Upholding stringent standards is part of Thrive Market’s ethos, but as McElwee explains, its effects go beyond the resulting catalog of top-quality healthy groceries. Through encouraging more responsible and sustainable practices in the consumer packaged goods industry, Thrive Market is able to have an impact that’s felt throughout the entire supply chain.
“I say to our Merchandising team, that one email you sent, that one phone call with a brand, had a ripple effect that changed how someone’s paid, how their family eats, if they’re exposed to more chemicals, what’s happening to their health and the Earth,” McElwee reflects.

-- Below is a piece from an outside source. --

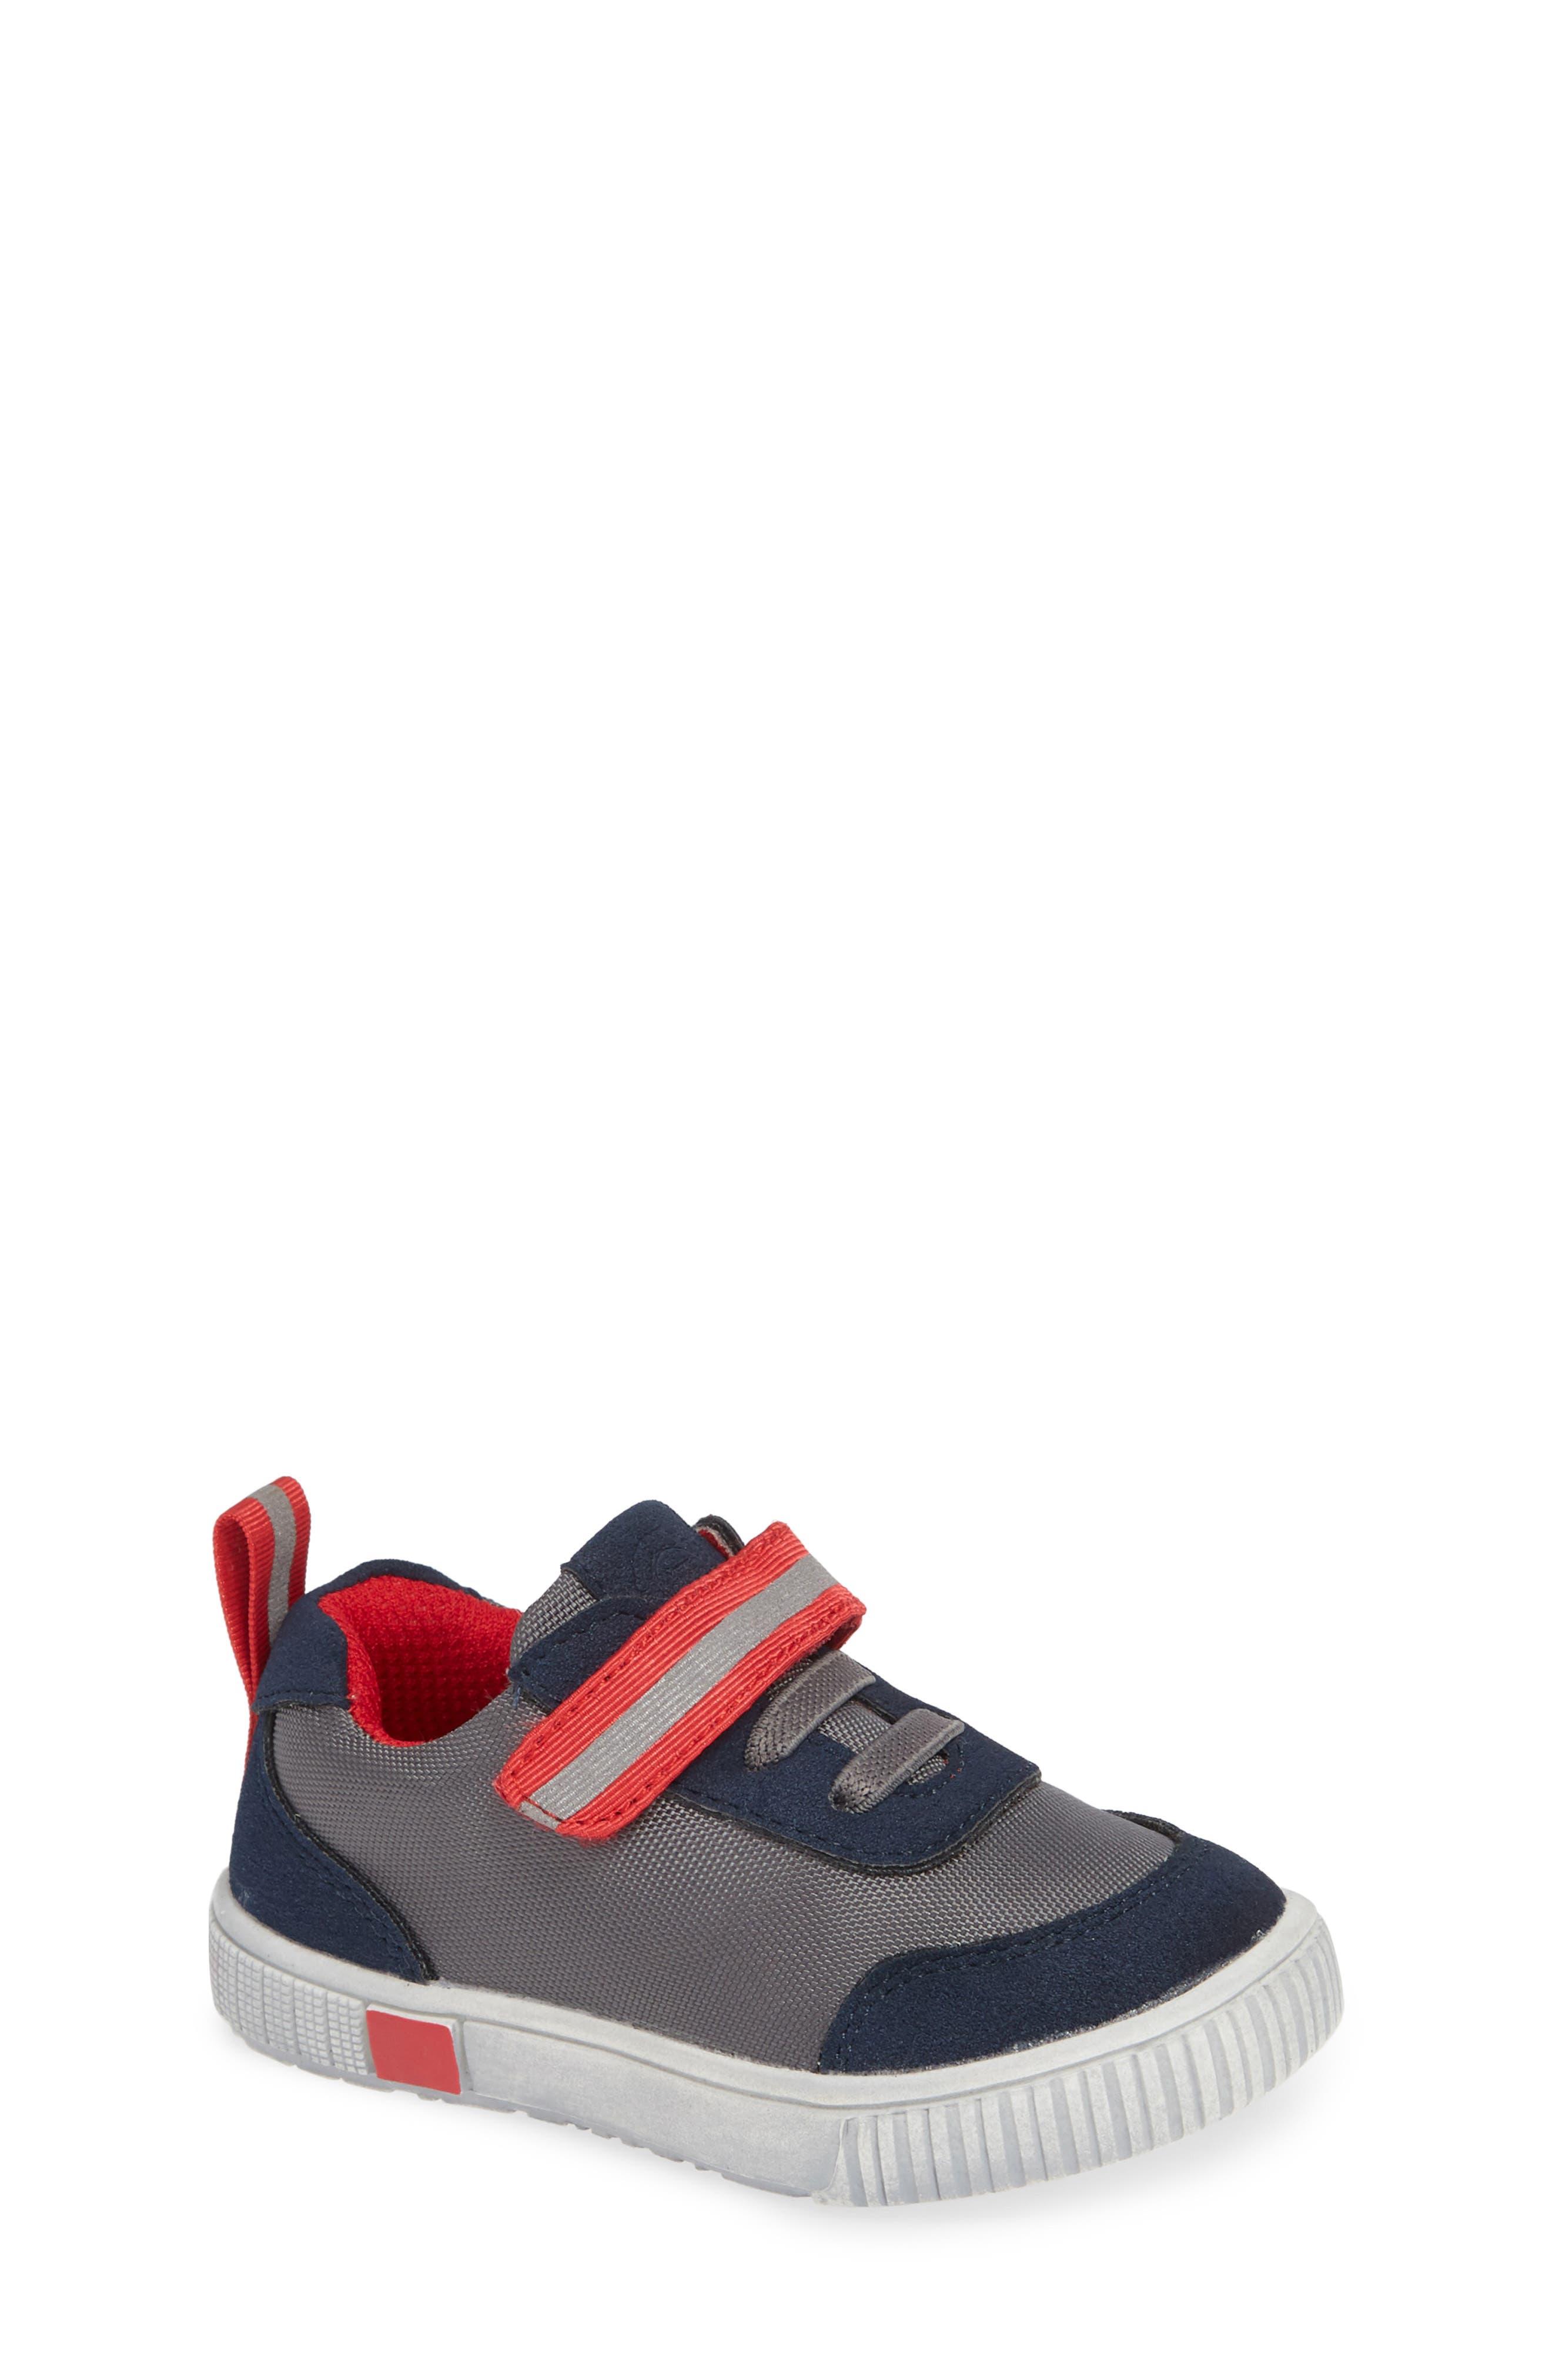 Vault Sneaker,                         Main,                         color, SLATE GREY

Fear-mongering is notably absent from McElwee’s philosophy on ingredient safety; his perspective is clear-eyed and refreshingly optimistic about our collective power to be a force for positive change. Though he says it’s not 100% certain these dubious ingredients are to blame for some of the health issues on the rise in the U.S., “why take the chance? I view it the same way with climate change. Why not move to regenerative agriculture, when you can draw down carbon, make the Earth healthier, create biodiversity all while improving crop yields…why would you not do this?”